How may I retrieve data from an Excel table based on a variable number of criteria?

I have the following salary data for example:

Country State 2012 2013 -> 2027
======= ===== ==== ====
China Other 1000 1100
China Shanghai 1310 1400
China Tianjin 1450 1500
India Orissa 1500 1600

So now in another Excel sheet I would want an answer to one of the following questions:

  1. What is the salary in Shanghai for 2013? (Answer would be 1400)
  2. What is the salary in Hubei province for 2012? (Since it is not listed, use "Other" - 1000)
  3. What is the average salary in China for 2013? (Answer would be 1333)
  4. What is the highest salary in China for 2012? (Answer is Tianjin)

So as in the above order of priority, I would like those numbers in another Excel sheet using some form of query. I considered PivotTables but I was wondering if there is another much better more efficient way of doing this?

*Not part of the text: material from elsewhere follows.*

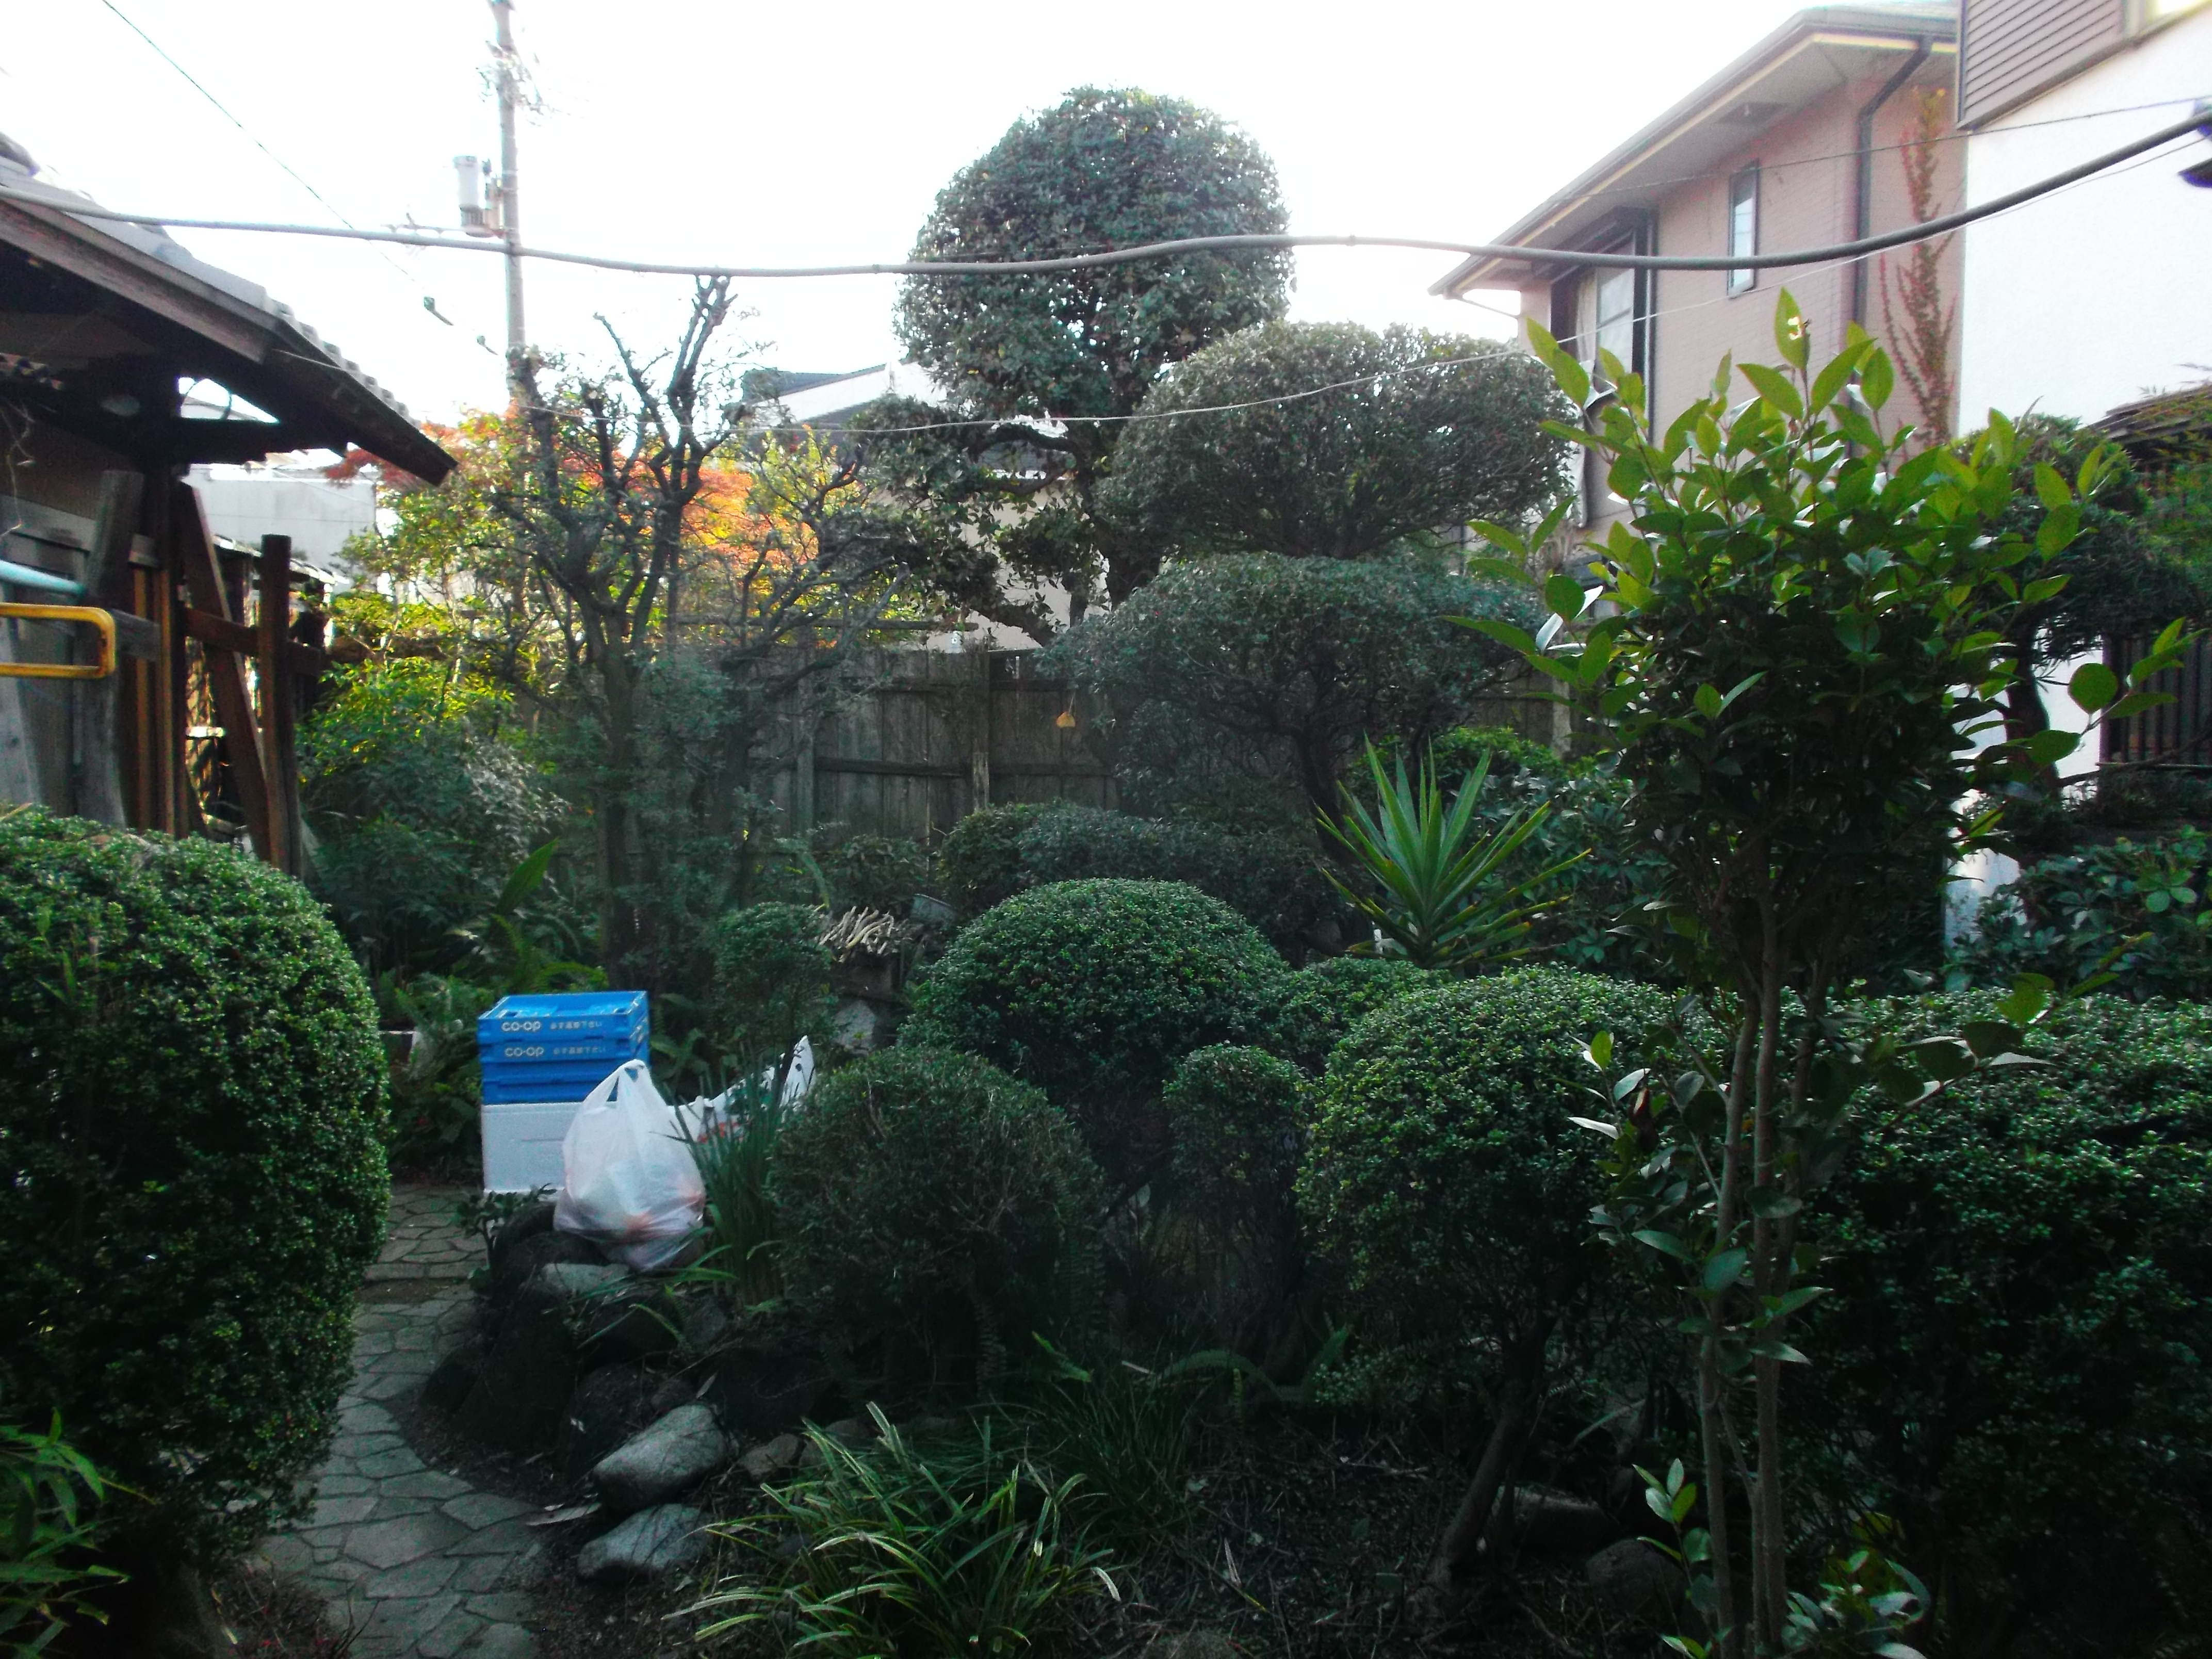 ザクロ等の剪定で出た枝をウッドチップにして利用 岸和田市 アーバングリーン 緑都庭園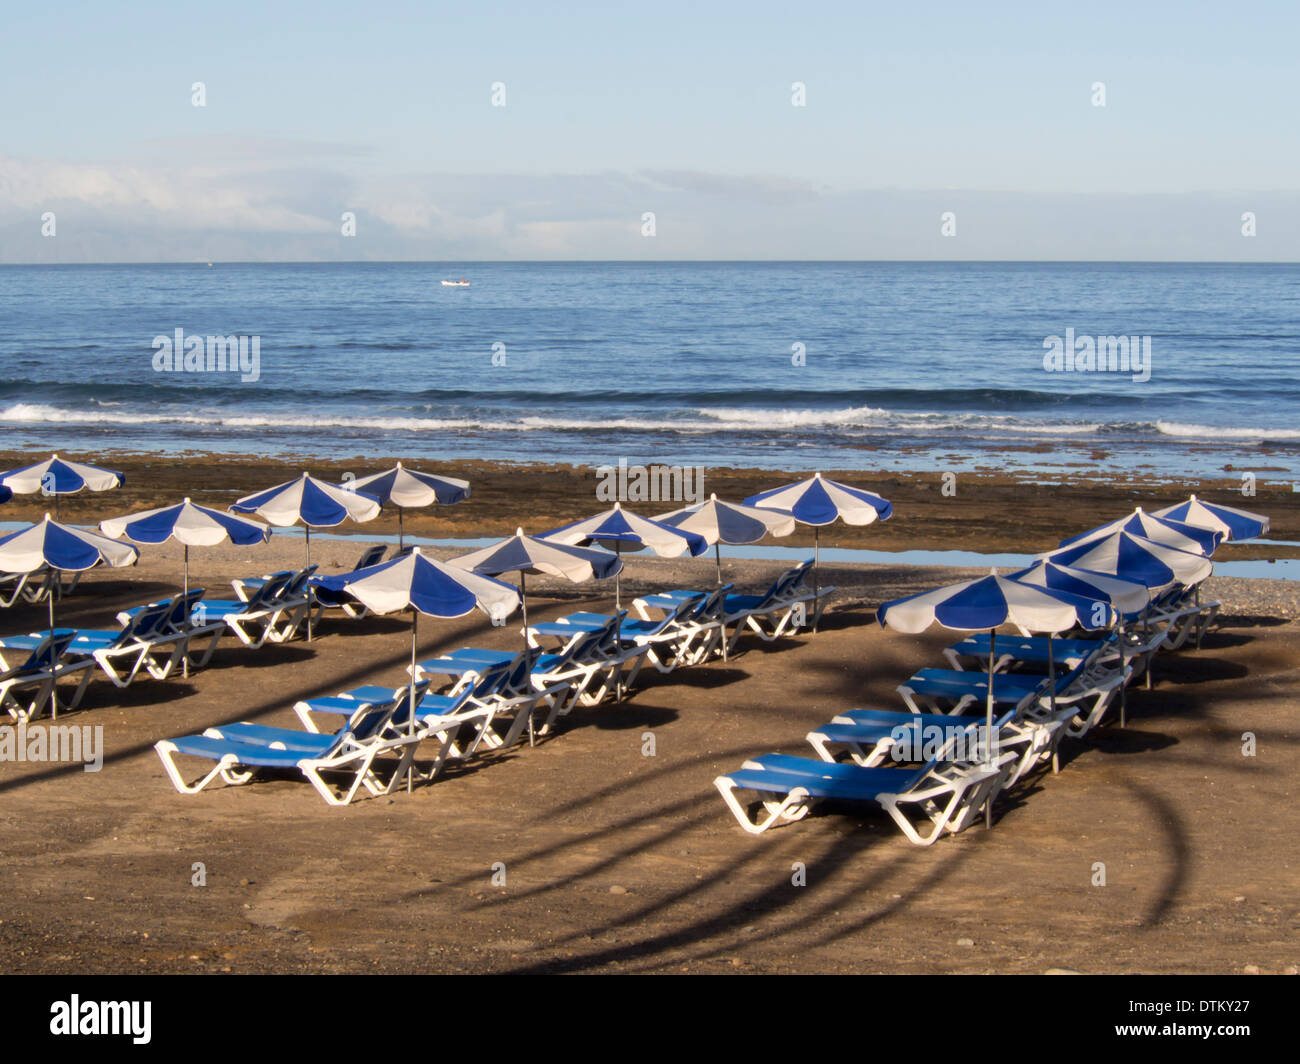 Mattina sulle spiagge di Playa de las Americas Tenerife Spagna lettini e ombrelloni pronti per il turista inset Foto Stock

I imagine SQL is suited for this but I am not clued up on that. Some Excel functionality is much rather preferred. Also suggestions on an appropriate format of data for such queries would be appreciated.

4

5 Answers

Your use case is perfect for Excel's database functions. To use them, you'll first need to unpivot your data so that each row corresponds to one observation in your data. This means you will have 4 columns: Country, State, Year and Salary.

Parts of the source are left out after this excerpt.